▶ PROBLEM TO WORK ON: Give back every record below word for word, with the pictures omitted.

(DATA SHOWN begins)

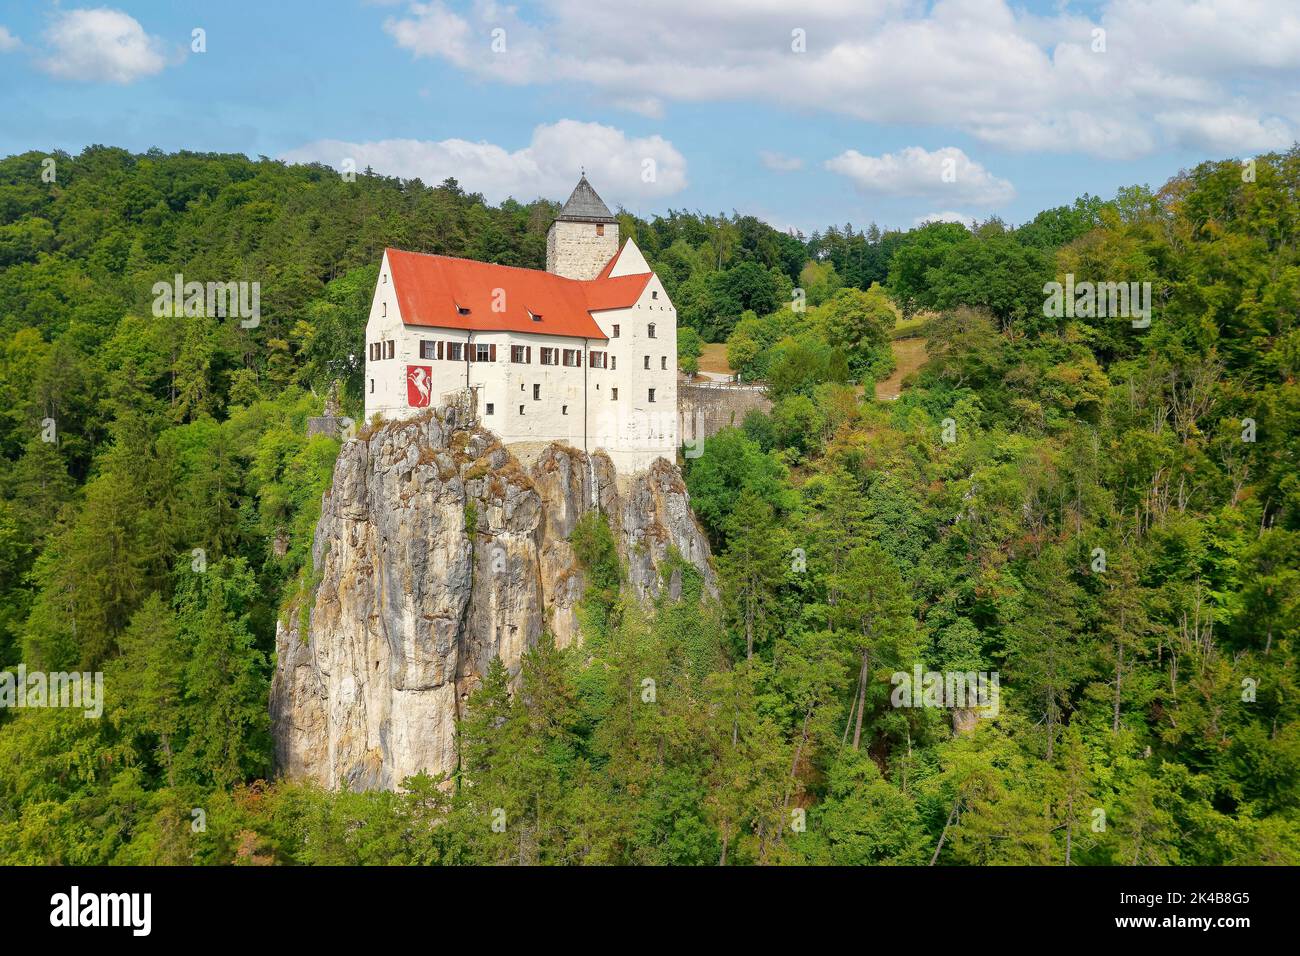 Prunn Castle, hilltop castle, first mentioned in 1037, stands on steep limestone cliff on Main-Danube Canal, Schlossprunn, district of Riedenburg Stock Photo
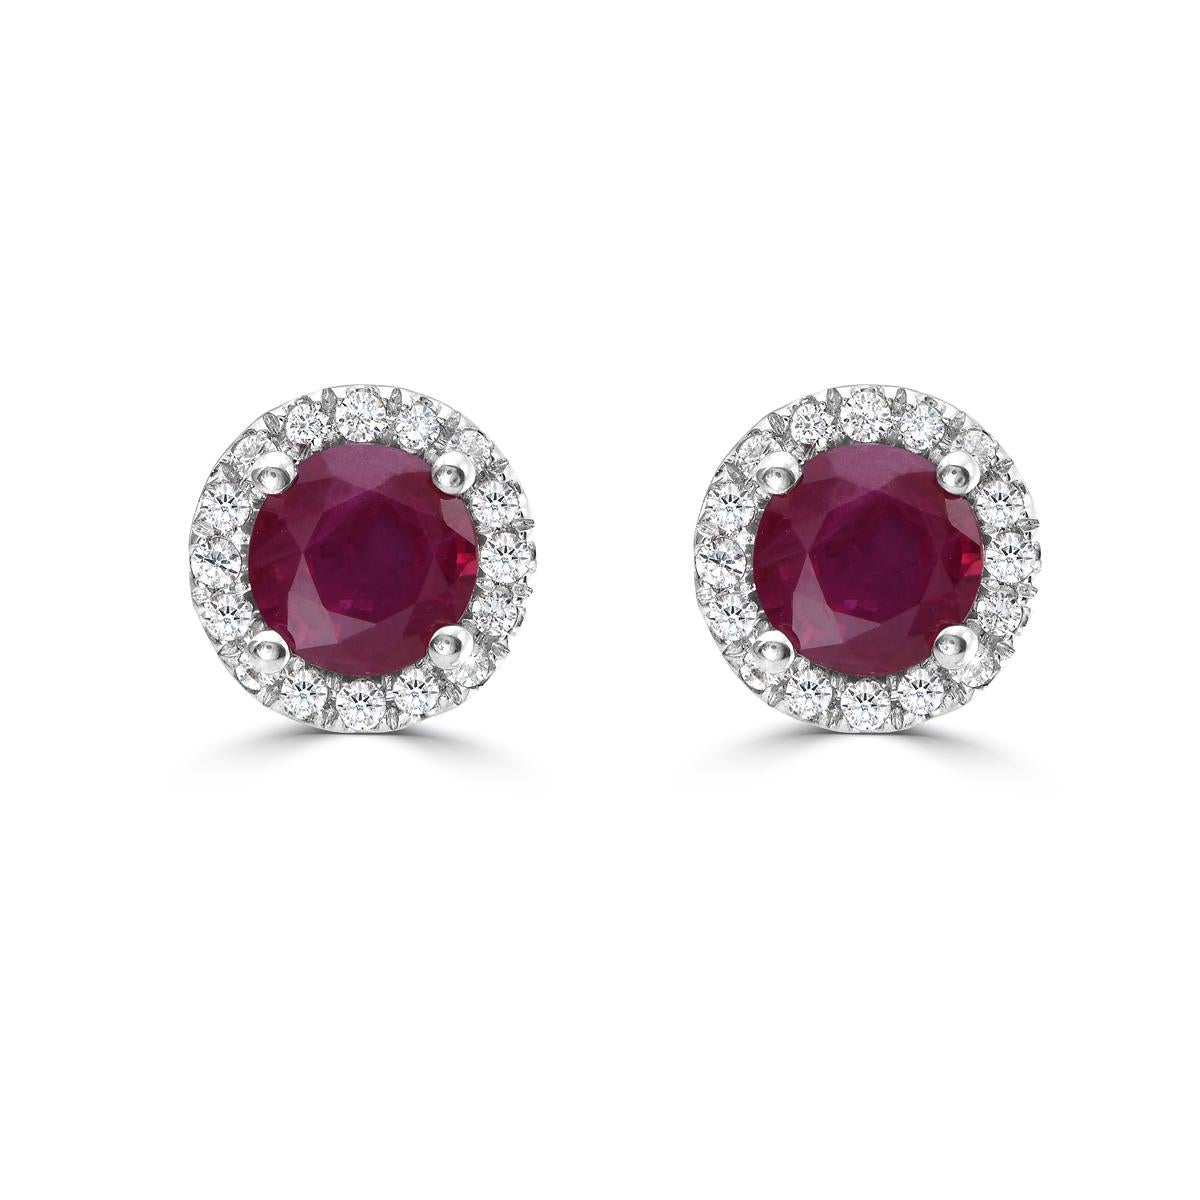 Elevate your look with our exquisite Ruby and Diamond Halo Martini Stud Earrings. The perfect blend of luxury and sophistication, these ruby stud earrings are crafted with stunning diamonds and lustrous gold for a truly exclusive feel. Add a touch
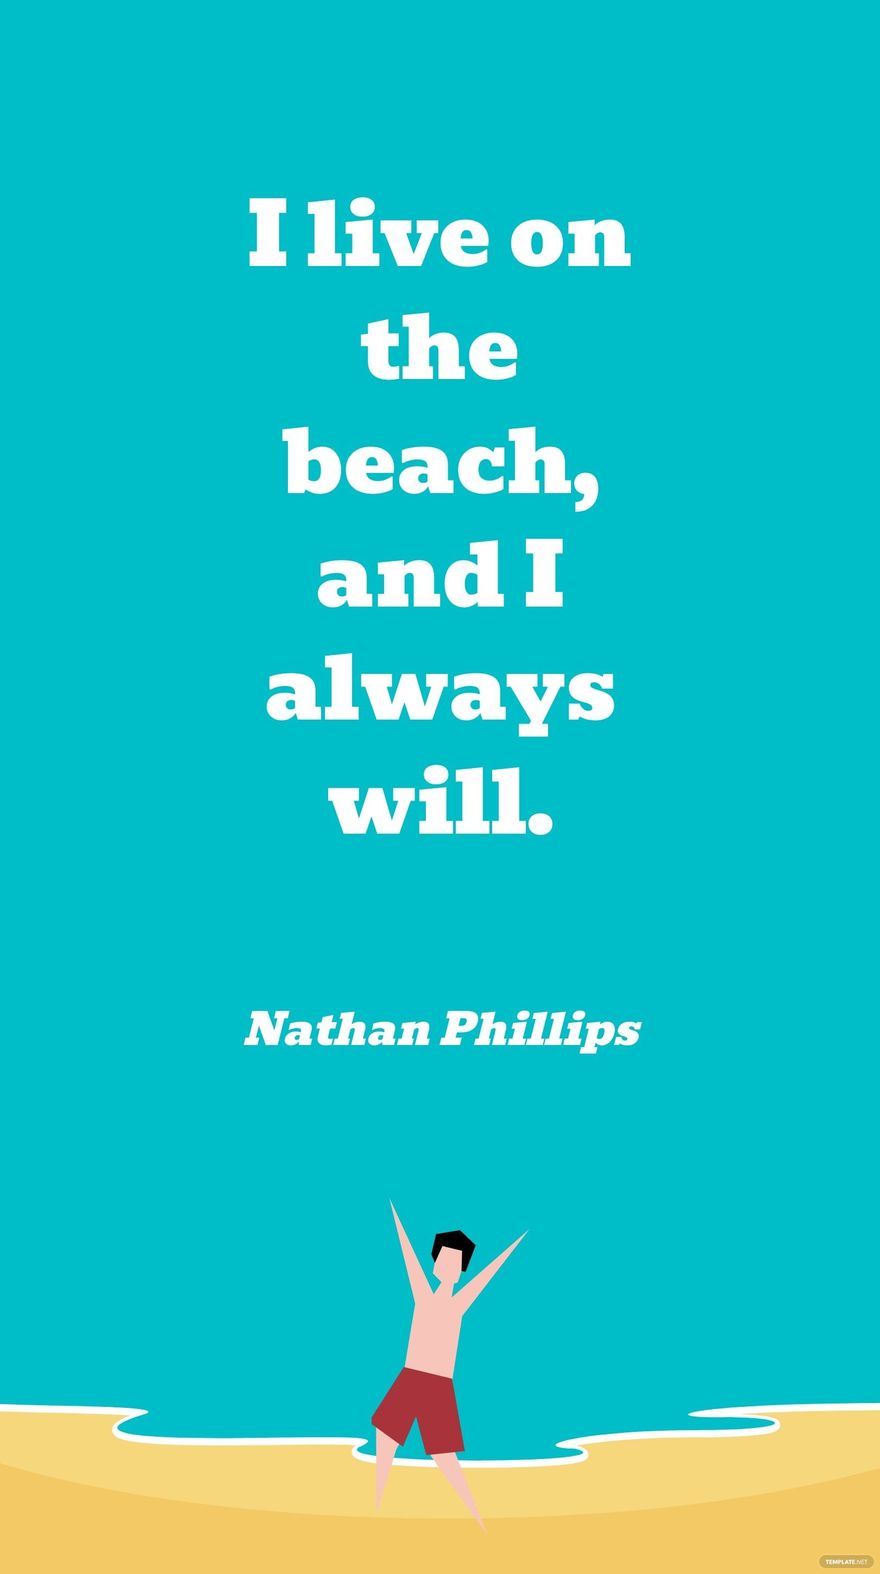 Free Nathan Phillips - I live on the beach, and I always will.
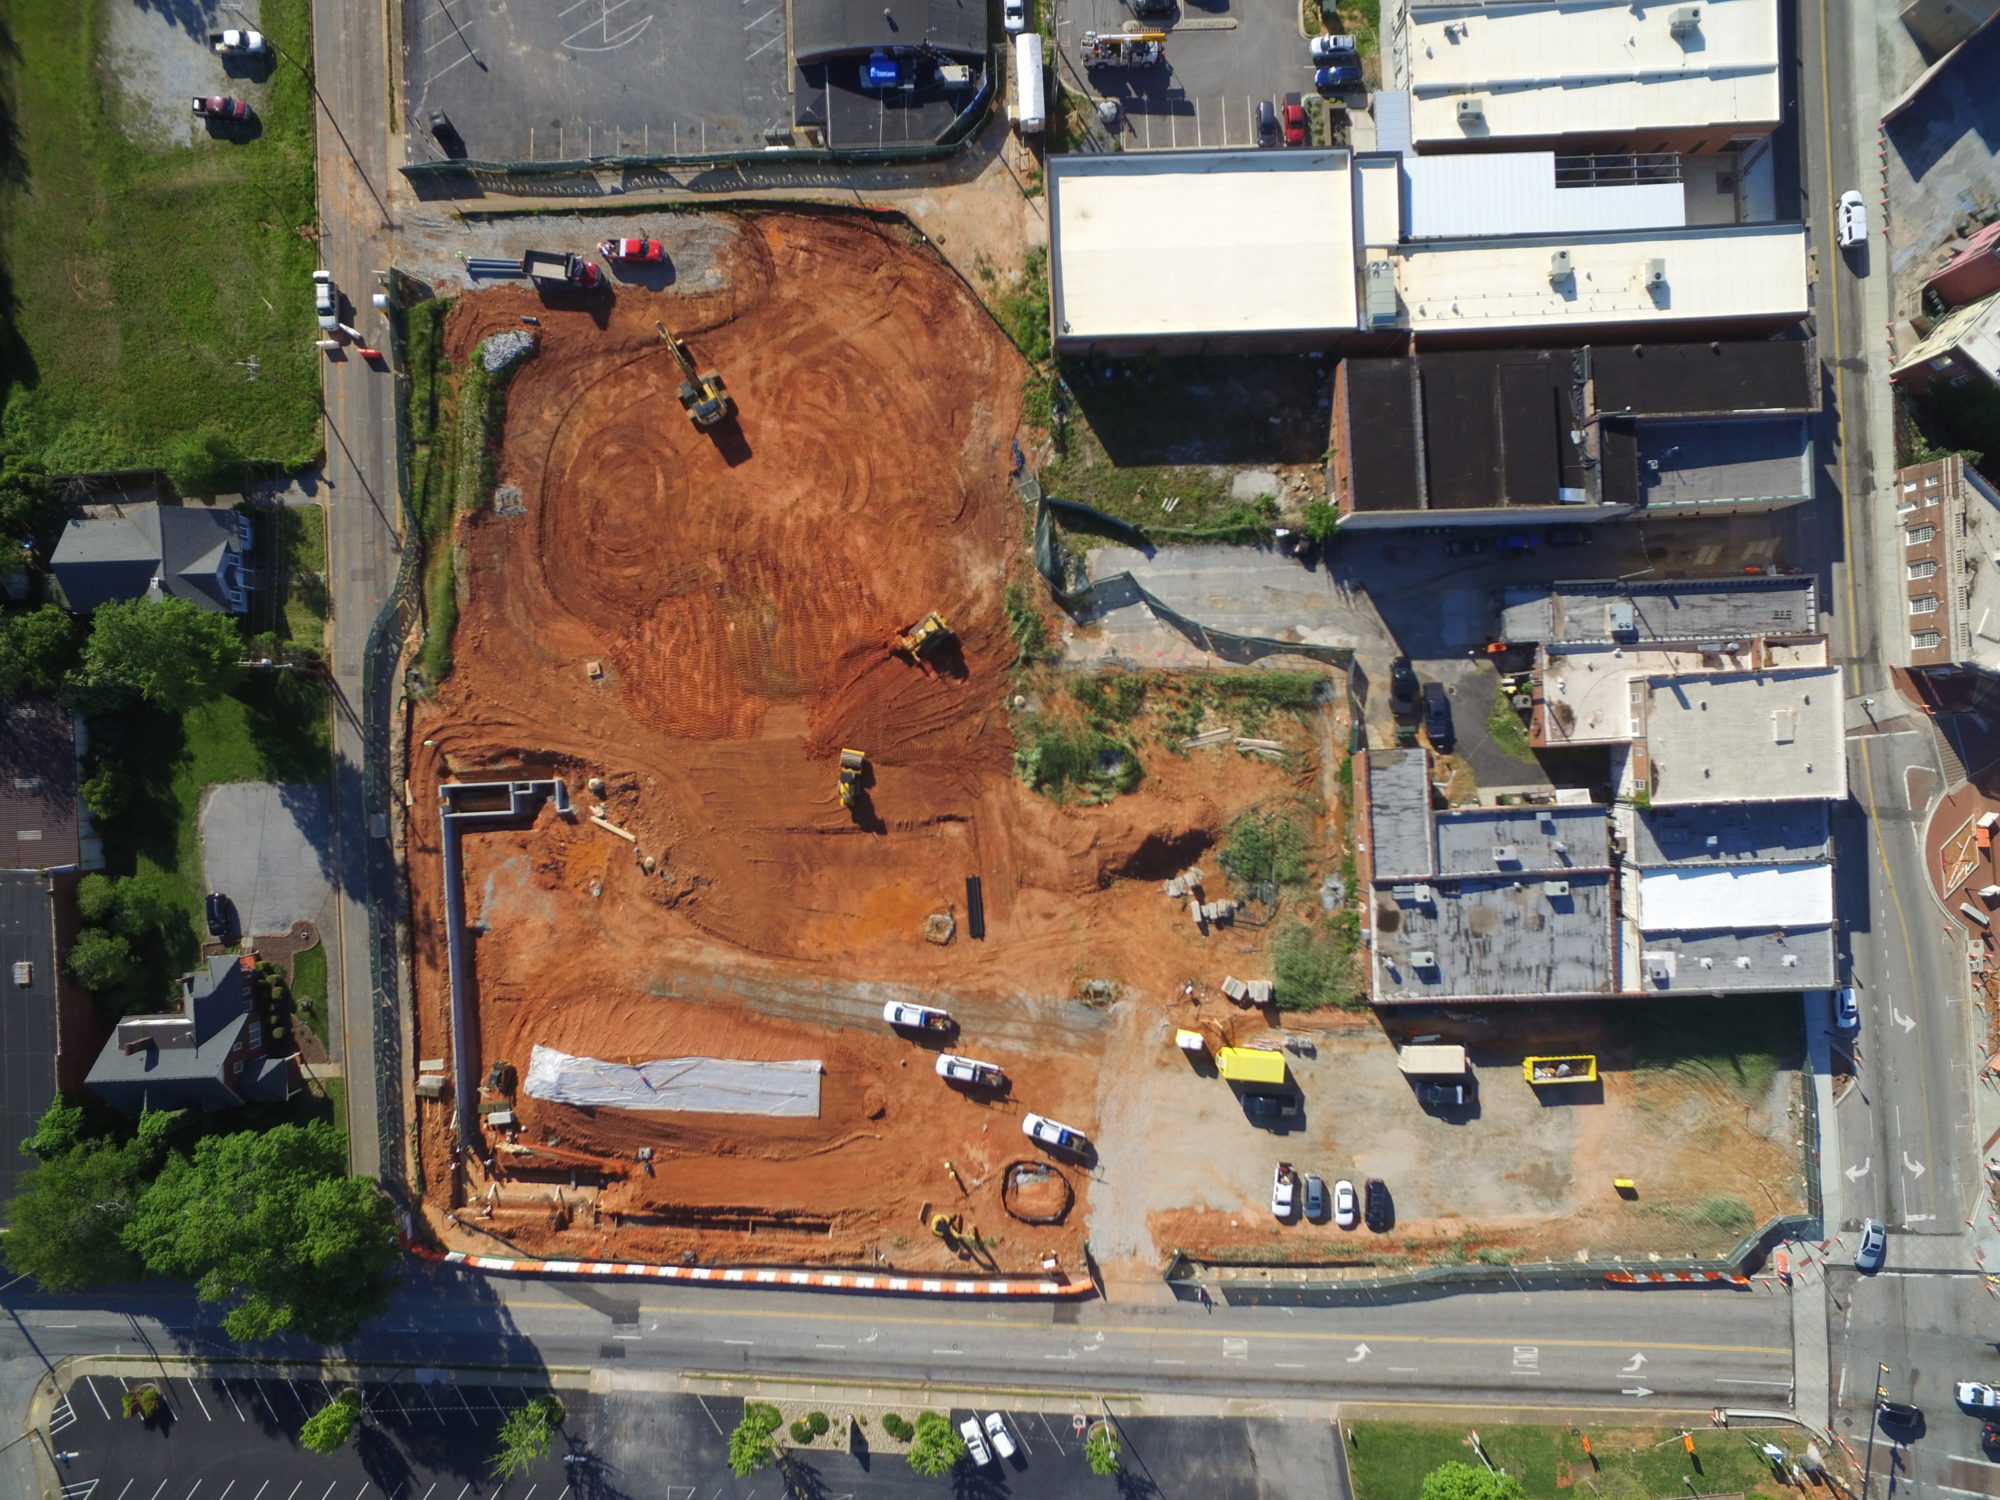 Triangle mobilizes for a new parking deck in Greer
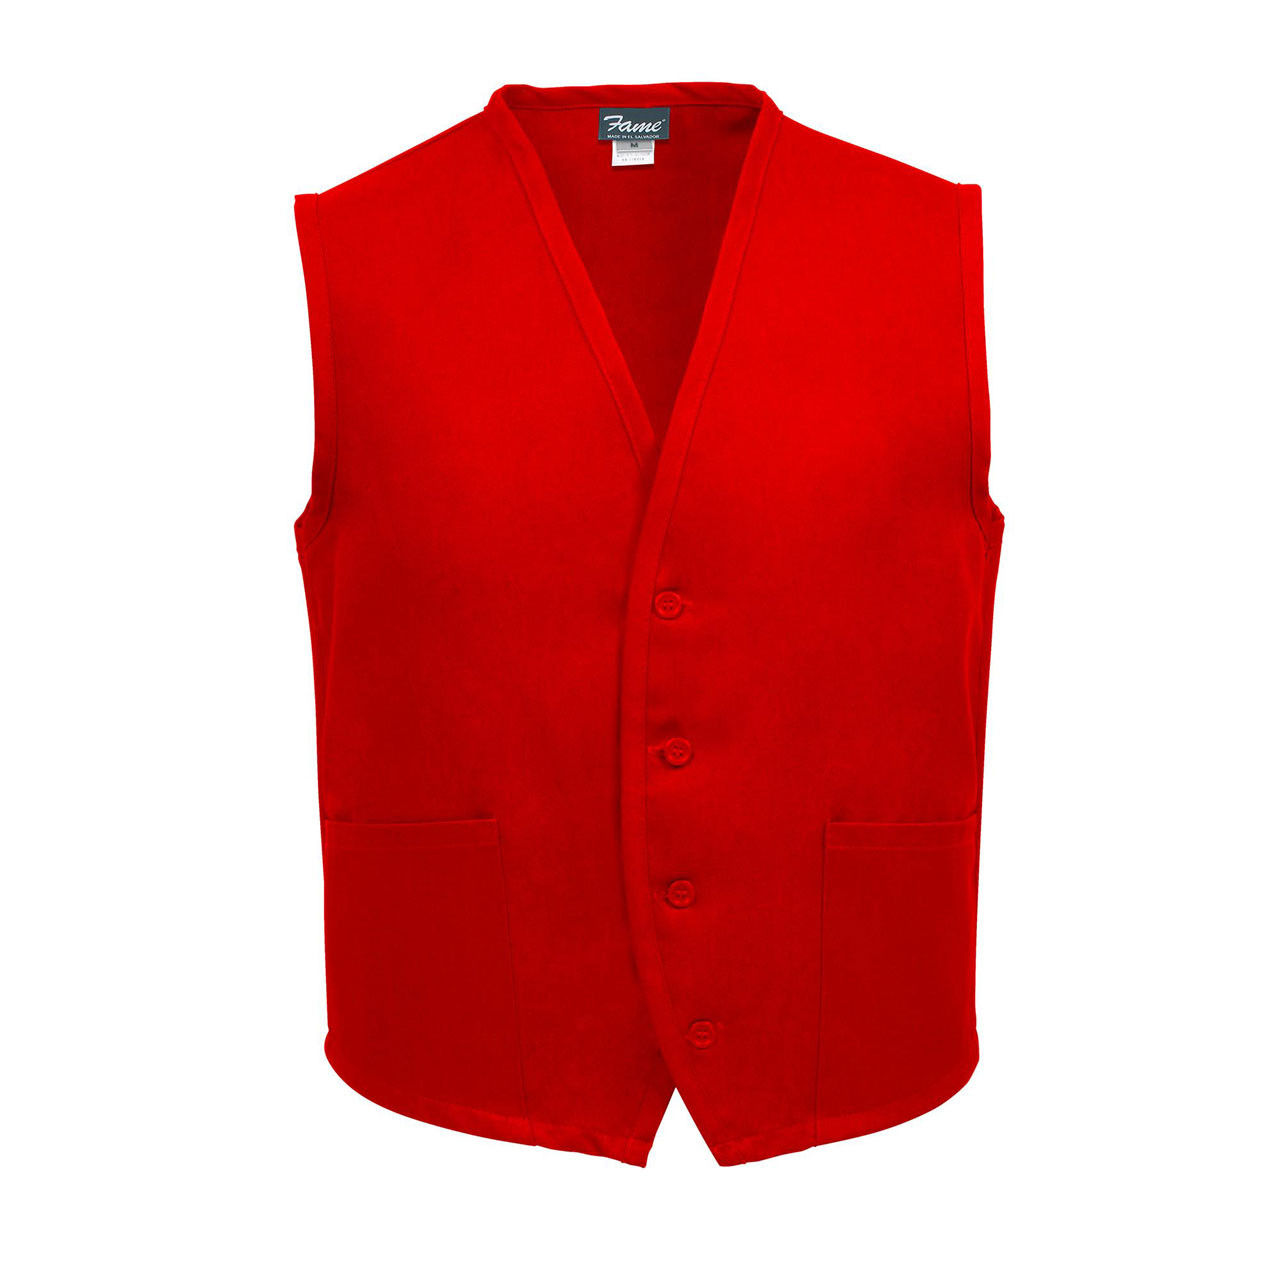 What is the design of the closure on the red vest?

(DATA SHOWN ends)

▶ WRITTEN RESPONSE:
 Prunn Castle, hilltop castle, first mentioned in 1037, stands on steep limestone cliff on Main-Danube Canal, Schlossprunn, district of Riedenburg Stock Photo
 Elevate your look with our exquisite Ruby and Diamond Halo Martini Stud Earrings. The perfect blend of luxury and sophistication, these ruby stud earrings are crafted with stunning diamonds and lustrous gold for a truly exclusive feel. Add a touch
 Free Nathan Phillips - I live on the beach, and I always will.
 Triangle mobilizes for a new parking deck in Greer
 What is the design of the closure on the red vest?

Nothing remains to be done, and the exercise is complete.